Apr 12, 2004 19:11
I know i havent written in my journal for a long time and there are many reasons. i just like to read everyone else's and i feel like when i write something personal anyone could read and make fun of me and i hate that. even though i know someone is going to make fun of me i will write personal things anyway.
im really bored right now and this is the first day since last thursday that i have been home for more than 2 hours.
I had a great spring break. it was really fun. I partied alot and hung out with some different people then i usually do. i hung out with Kira everyday except saturday and sunday and i really appreciate her company. we have so much in common and we are even sharing the same pain when it comes to boys.
Talking about boys...... man i seriously met like 30 over the break. there are only a couple that i have been really talking to.
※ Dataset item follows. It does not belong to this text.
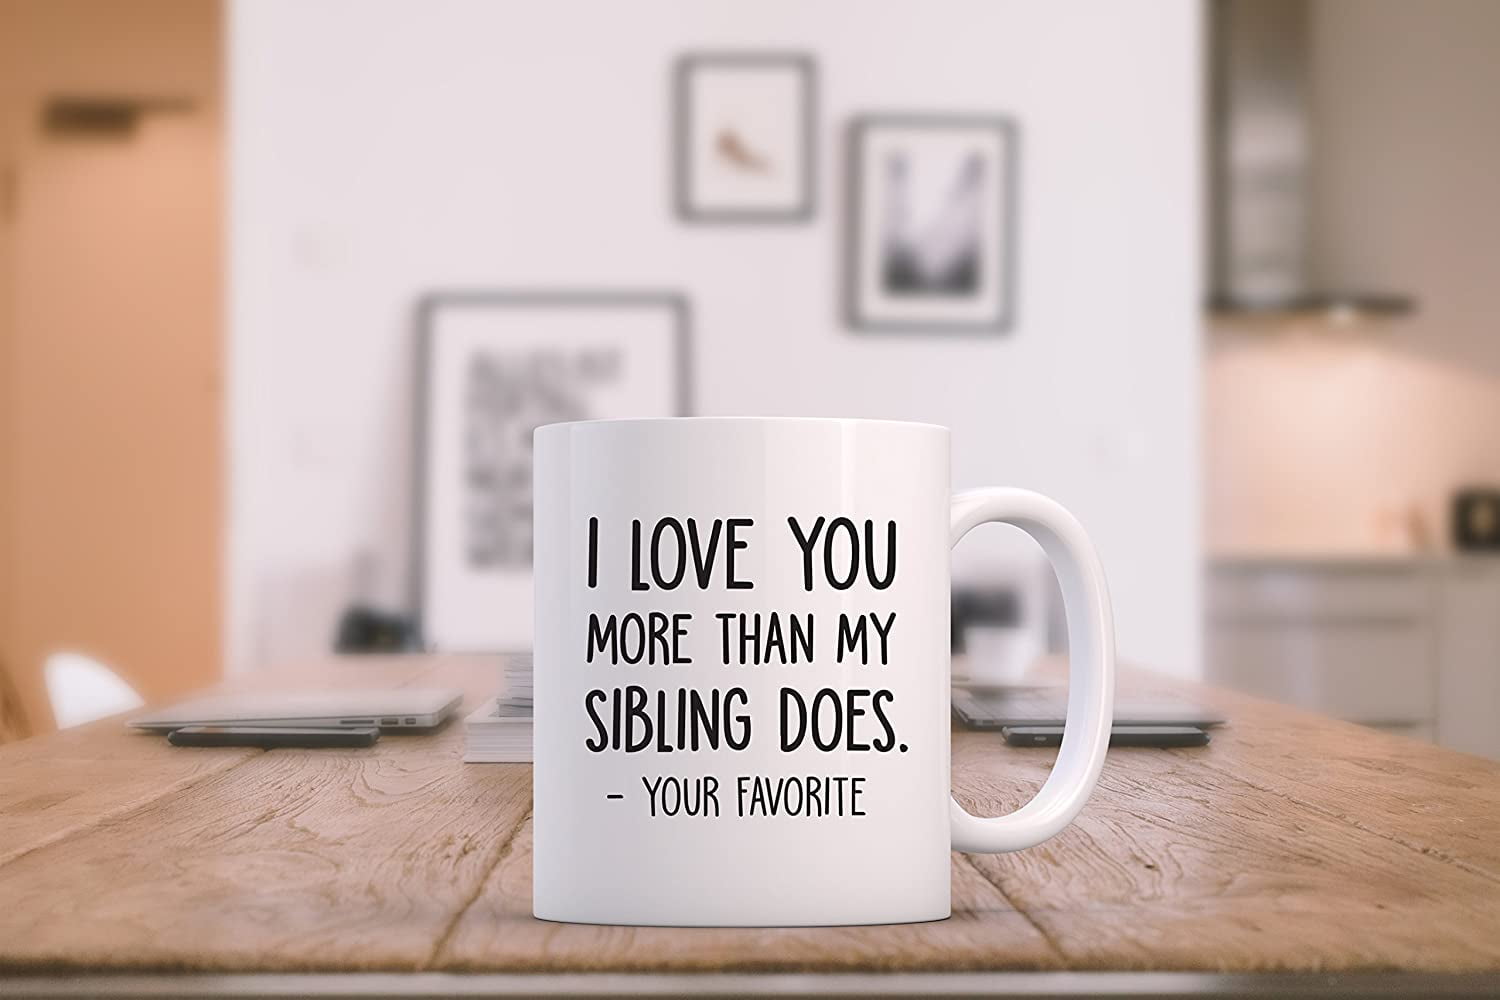 Mom, I Love You More Than Chocolate” Coffee Mug

I think im going to prom with one of them too!
Bad news: Travis decided to call me and come back into my life. i'm having alot of trouble with him right now and all he does he confuse me and make me upset. i was having a great time when i didnt talk to him or see him for like 2 months. now that he calls me and calls me baby and tells me he loves me really makes it hard to get away from him. i need help, i need to be strong and i need to stay away from him. he needs to stay away from me. i mean he has a new gf and he constantly calls me and comes over. he needs to make up his confused mind and stop playing games with me. i think he is psycho.
right now im looking for the boy of my dreams. whenever i get happy about meeting a new boy they never turn out to be who i think they will and it is really disappointing. i think i should stop looking. i feel kinda depressed right now cause im all alone and no one is here. i could go hang out with Kira, Richard, Justin, Tara, And Britney but i dont feel like getting up and getting ready. i think my disappointment is taking over my body. Maybe i should get up and go do something but i dont know if i can.
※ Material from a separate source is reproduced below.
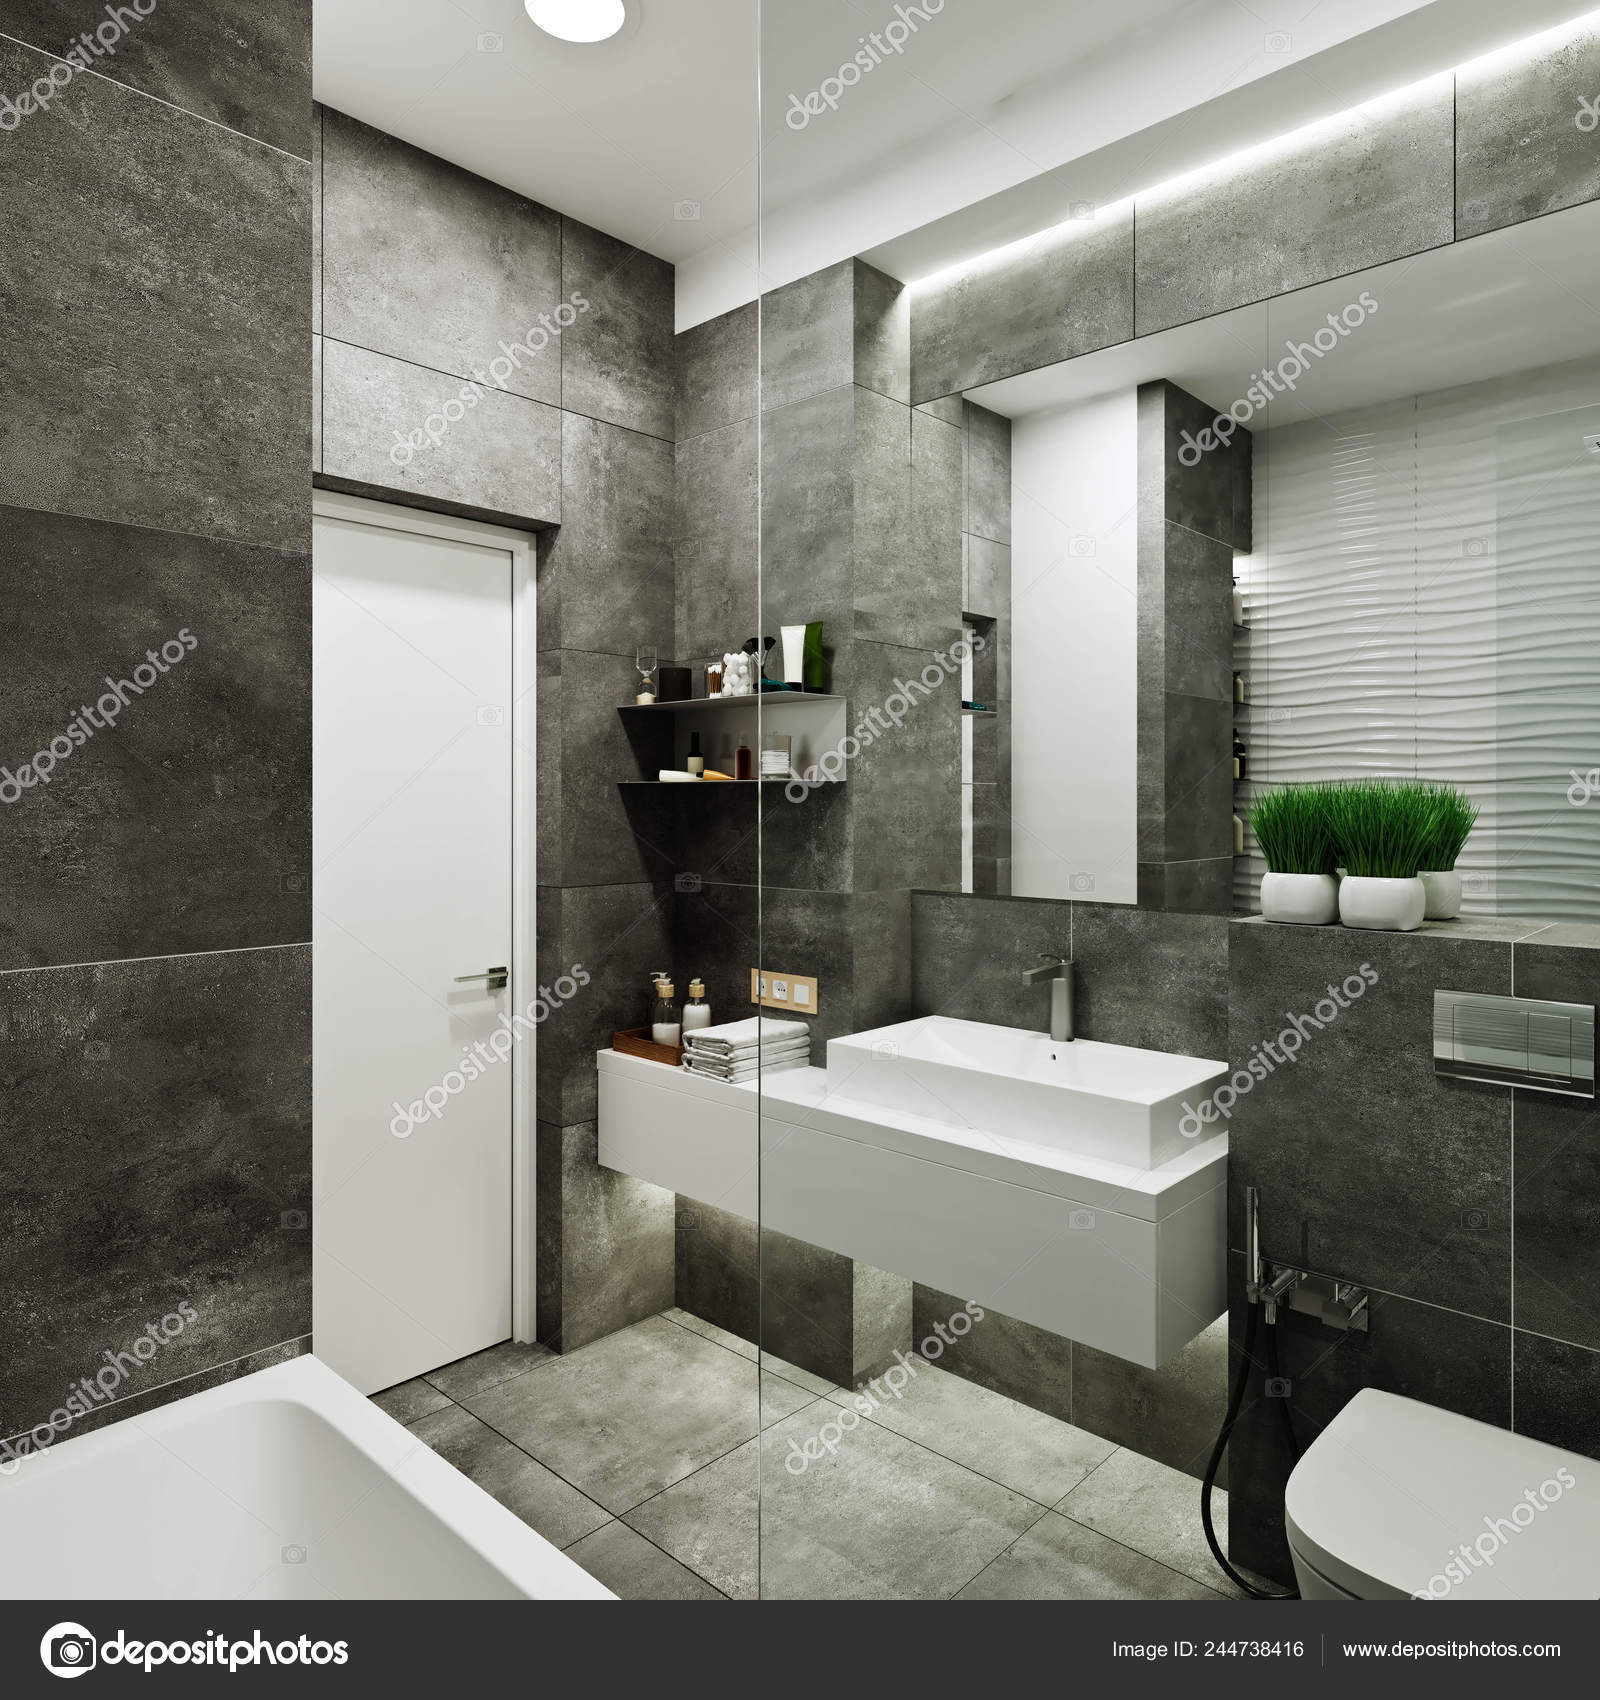 Modern Bathroom Design With Tiles Under, Modern Bathroom Tile

I missed Lauren over the break. the thing is i had plans like everyday and never could see her. i think Andra is mad at my for not hanging out but that is ok its not like she called me constantly. she could of hung out with me and kira( the same to lauren) but she never called. im sorry Andra we will hang out soon.
I also wanted to say i really enjoyed hanging out with liz and jasmine. and i also enjoyed sleeping in my car on Saturday night in the parking lot of best buy. it was pretty funny because a security guard was flashing his flashlight in my car and called the cops like i stole the car. i felt homeless. but the thing was i didnt want to go home.
Well i think my journal is long enough... i could write more about my journeys during spring break but then my entry would never end.